How many more will Wayne Rooney play? Robin van Persie makes him less essential to the plot but surely he’s still of use and haven’t these two played well together this season? RVP gets injured and – as was proved in both Madrid games – misses chances. Danny Welbeck missed two on Tuesday that Rooney would probably have netted. So Welbeck, while not the finished article as a finisher, chases back? Rooney, too, even heading off the line recently.

It only makes sense to cash in on Wazza if you can then buy and improve, which brings us to Sir Alex Ferguson and his future plans. When will he retire? Does he need a third European Cup before he sticks his last piece of Bazooka Joe to the red-brick dug-out wall? Is he concerned his best chance – with Barcelona very likely to exit this week – might have gone? Is he worried about those spells in the Champions League when everything goes horribly flat for Man U, when Ryan Giggs starts to look his age, the likes of Nani are poncing around and there’s no Roy Keane to save the day? I can’t remember a game which posed so many questions for this great, grizzled football man.

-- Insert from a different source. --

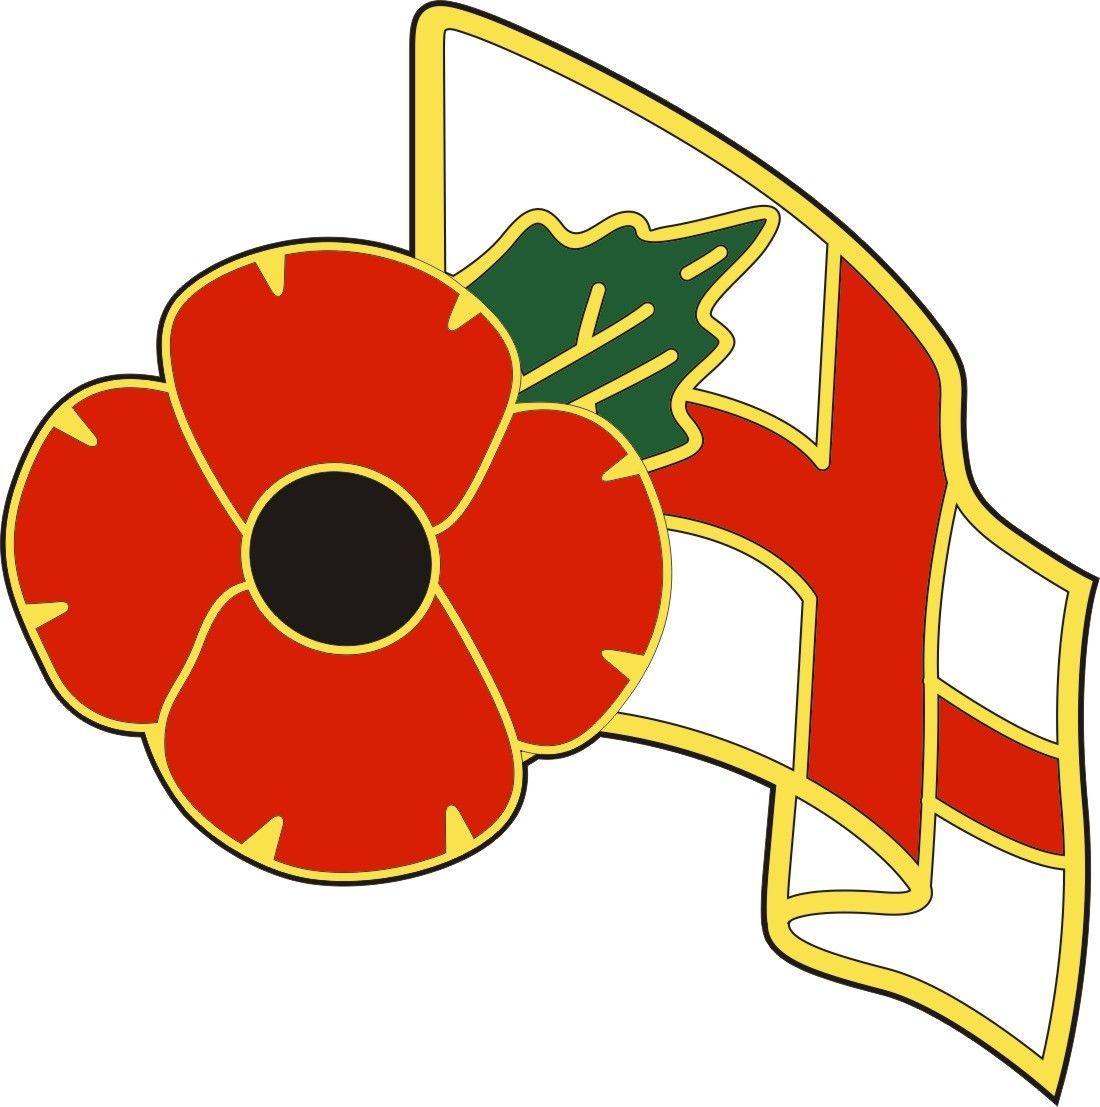 Orange Poppy Logo - Poppy Car Sticker With Poppy and England Flag

Keano had a great Tuesday, providing us with a valid reason for watching an ITV pundits’ panel for the first time since Malcolm Allison blew cigar smoke at Derek Dougan during the 1970 World Cup. Almost as great, indeed, as Jose Mourinho who used to alarm Man U as a potential successor to Fergie with his counter-attacking and his melodrama. Well, United like to play on the counter now and wasn’t Jose charming?